ROC Compliance for private limited company
The private limited company is one of the most widely used business structures for controlling corporate expansion and luring investment. Throughout this startup period, there has been a surge in the formation of private limited companies. Promoters still need to be aware of the compliance requirements even though starting a private limited company is no longer a difficult undertaking in order to avoid unnecessary penalties and legal action. This is an exhaustive list of every ROC compliance that Indian private limited companies need to adhere to.
private limited business To guarantee openness in the way the business conducts its activities, ROC compliances are implemented. ROC has therefore implemented punitive measures for non-compliance in order to guarantee that the enterprises follow the compliance criteria. Thus, private limited enterprises must meet the ROC compliance criteria in order to avoid incurring heavy fines and penalties.
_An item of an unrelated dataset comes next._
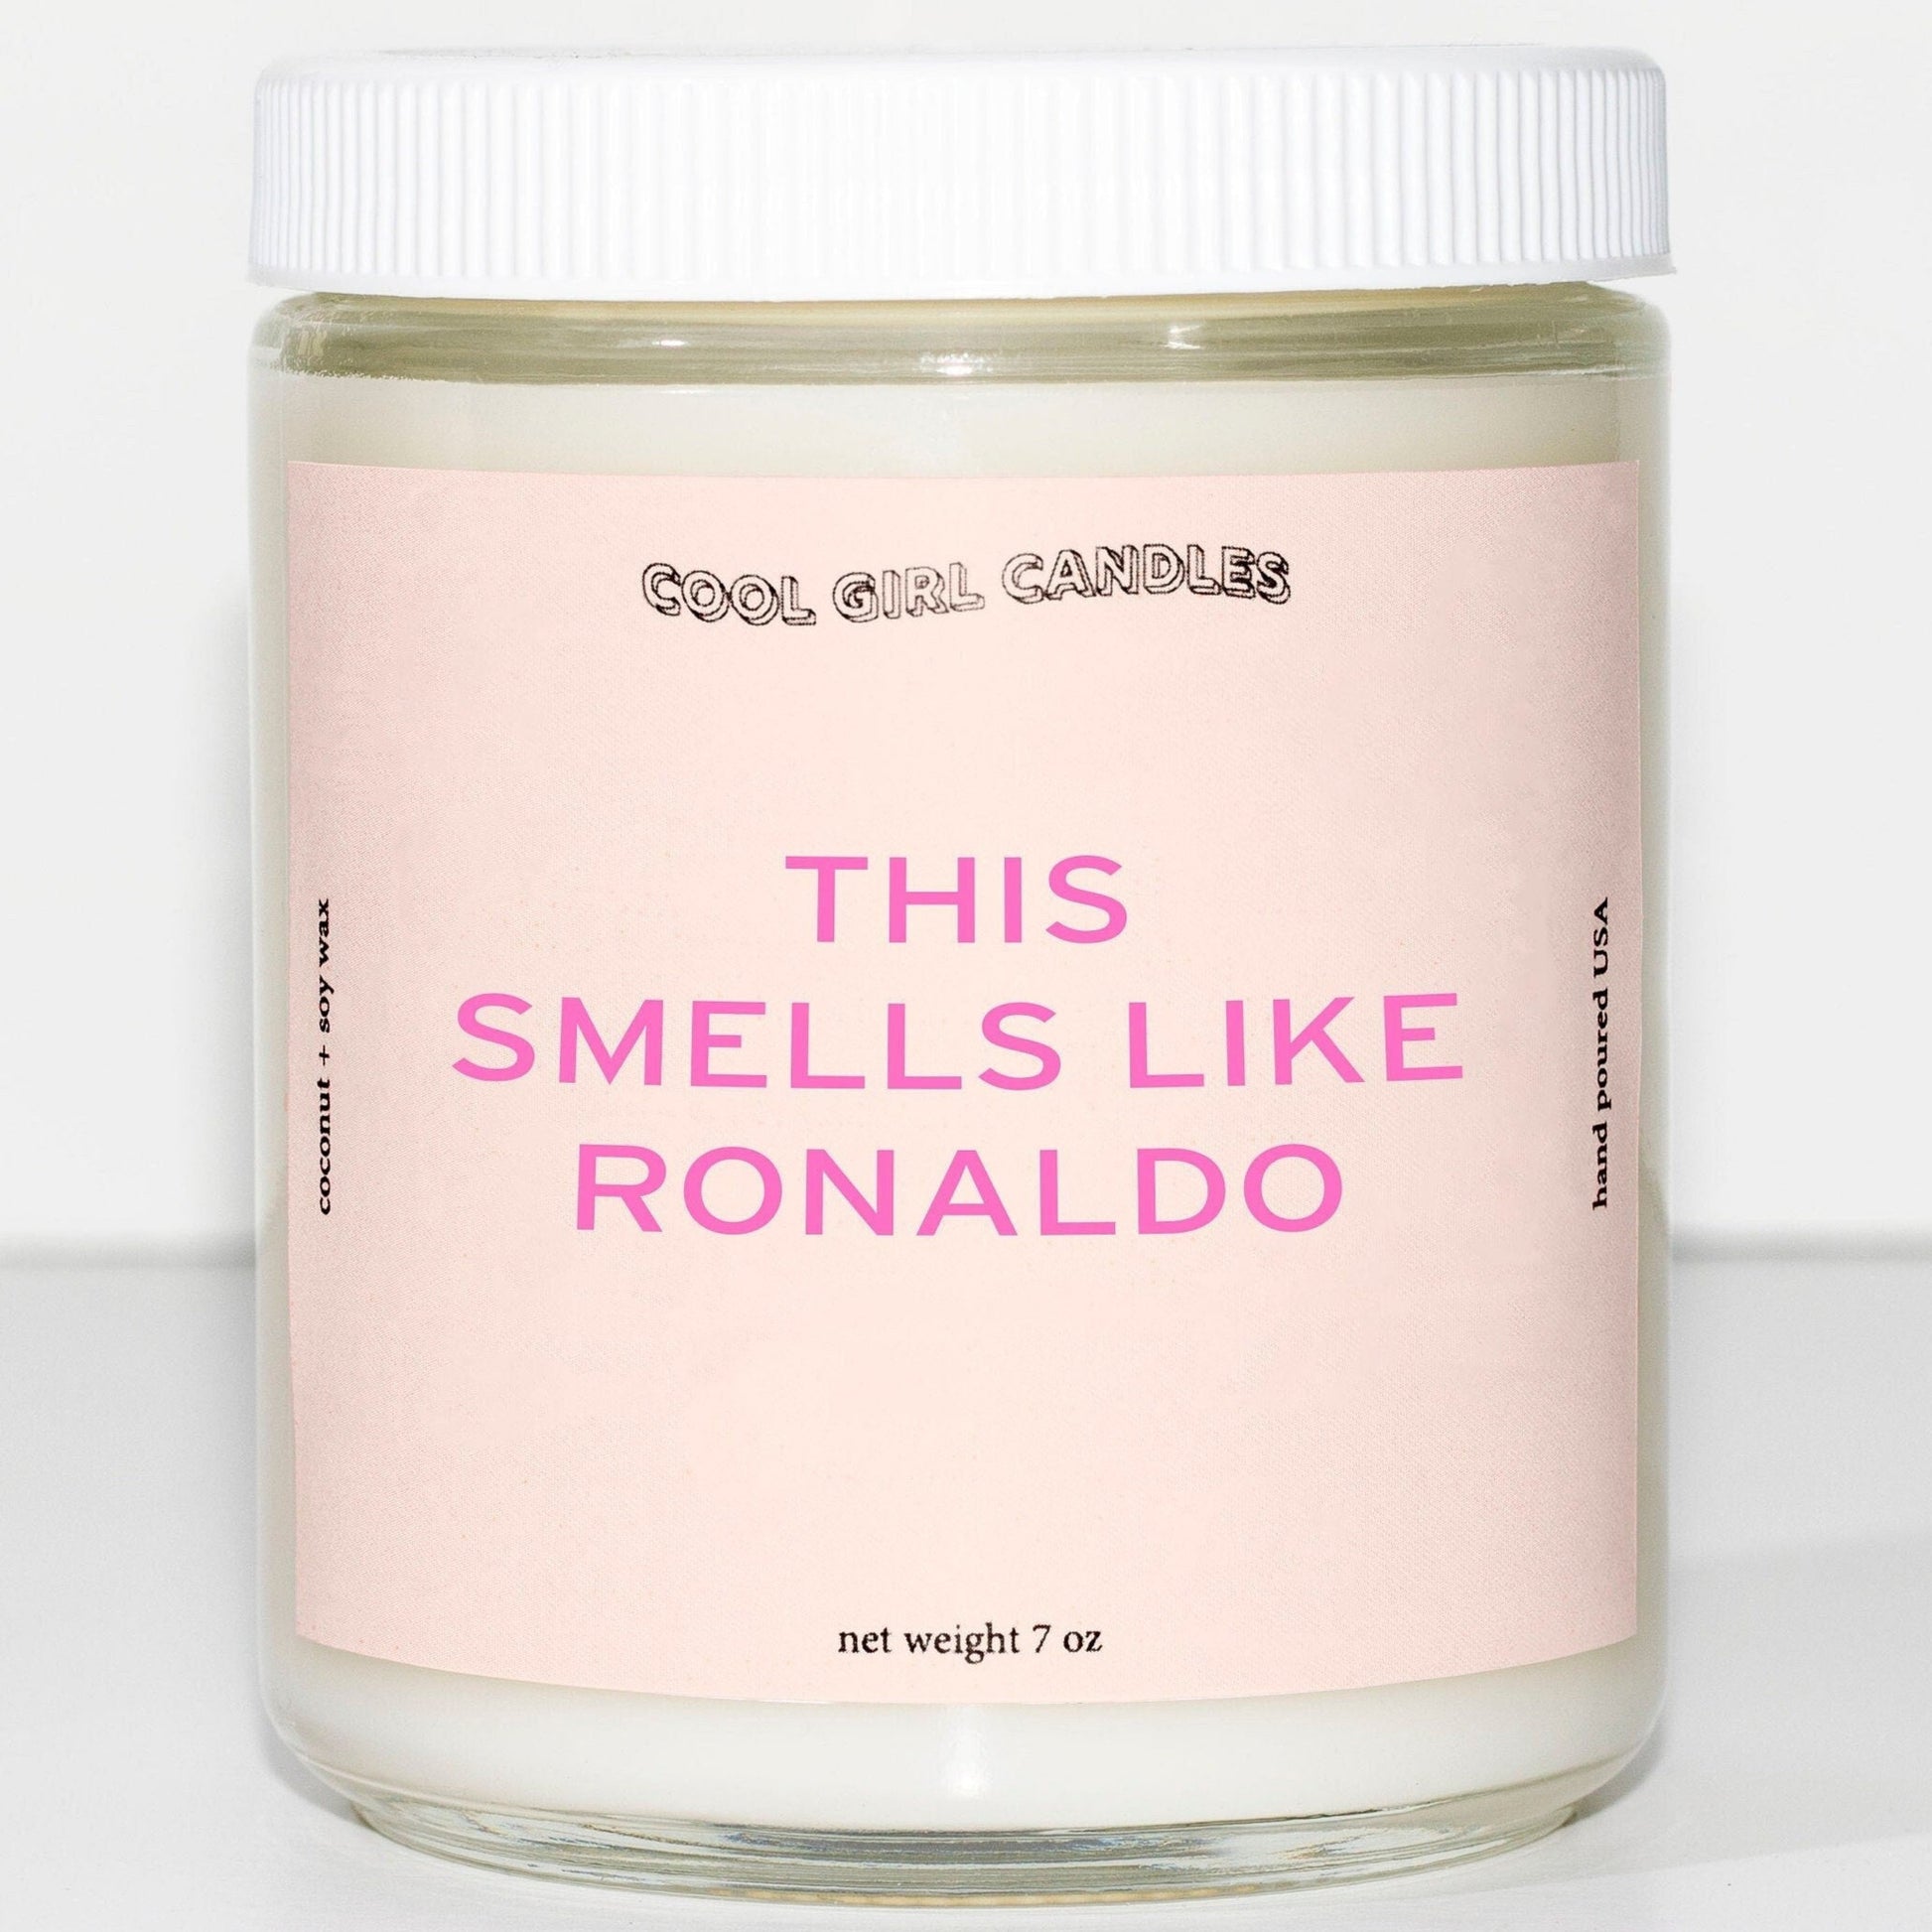 this smells like ronaldo scented candle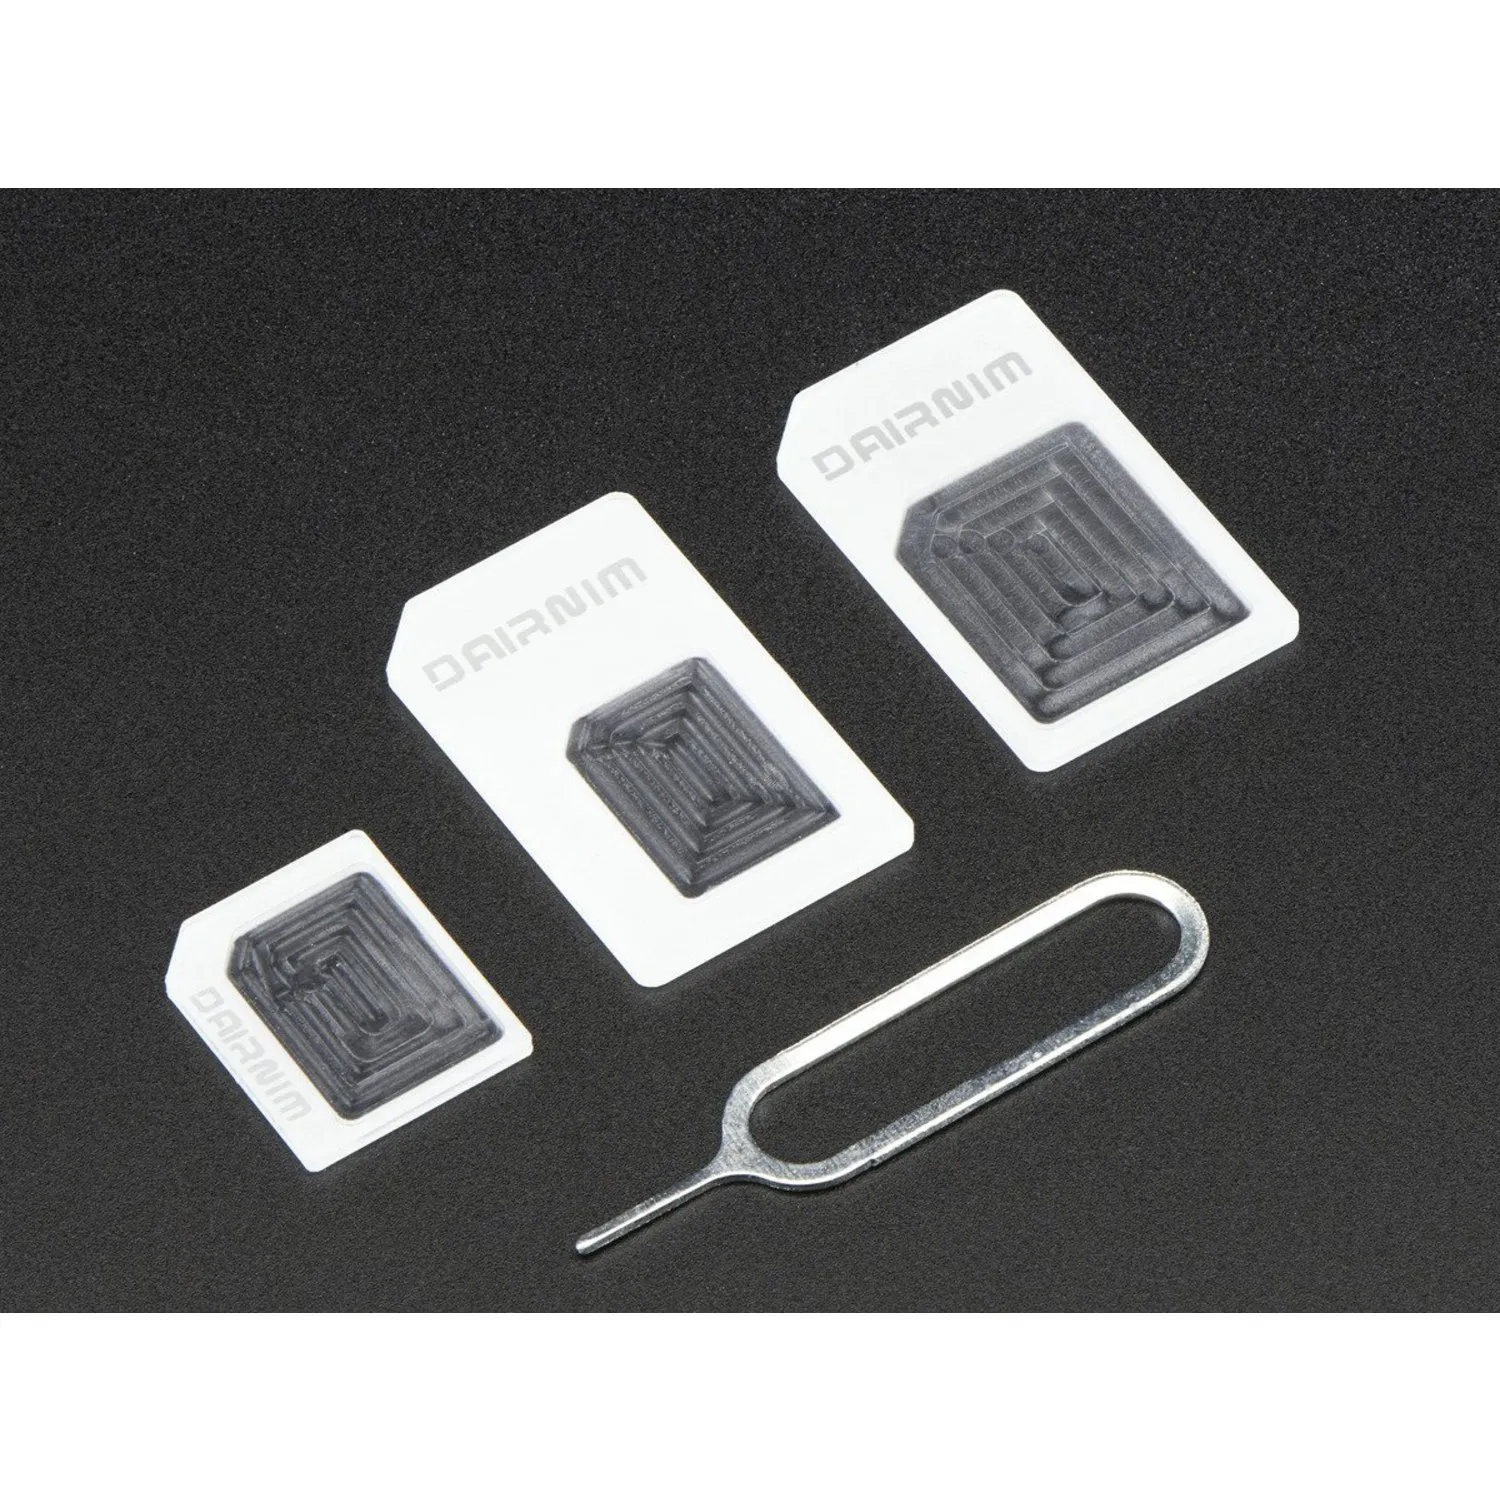 Photo of SIM Card Adapters - Pack of 3

A government organization called the Registrar of Companies (ROC) maintains records on every company that is registered in India. Every registered company must abide by specific compliance requirements, which frequently result in a complicated compliance environment.
Required ROC Compliances and Event-based ROC Compliances are the two main categories into which ROC compliances fall. Mandatory compliances like AOC-4 and MBP-1 deal with the annual filing of audited financial statements and the disclosure of a director's interest, respectively. Contrarily, certain business events like a change in the directorship or authorized share capital cause event-based compliances like DIR-12 and SH-7 to be activated.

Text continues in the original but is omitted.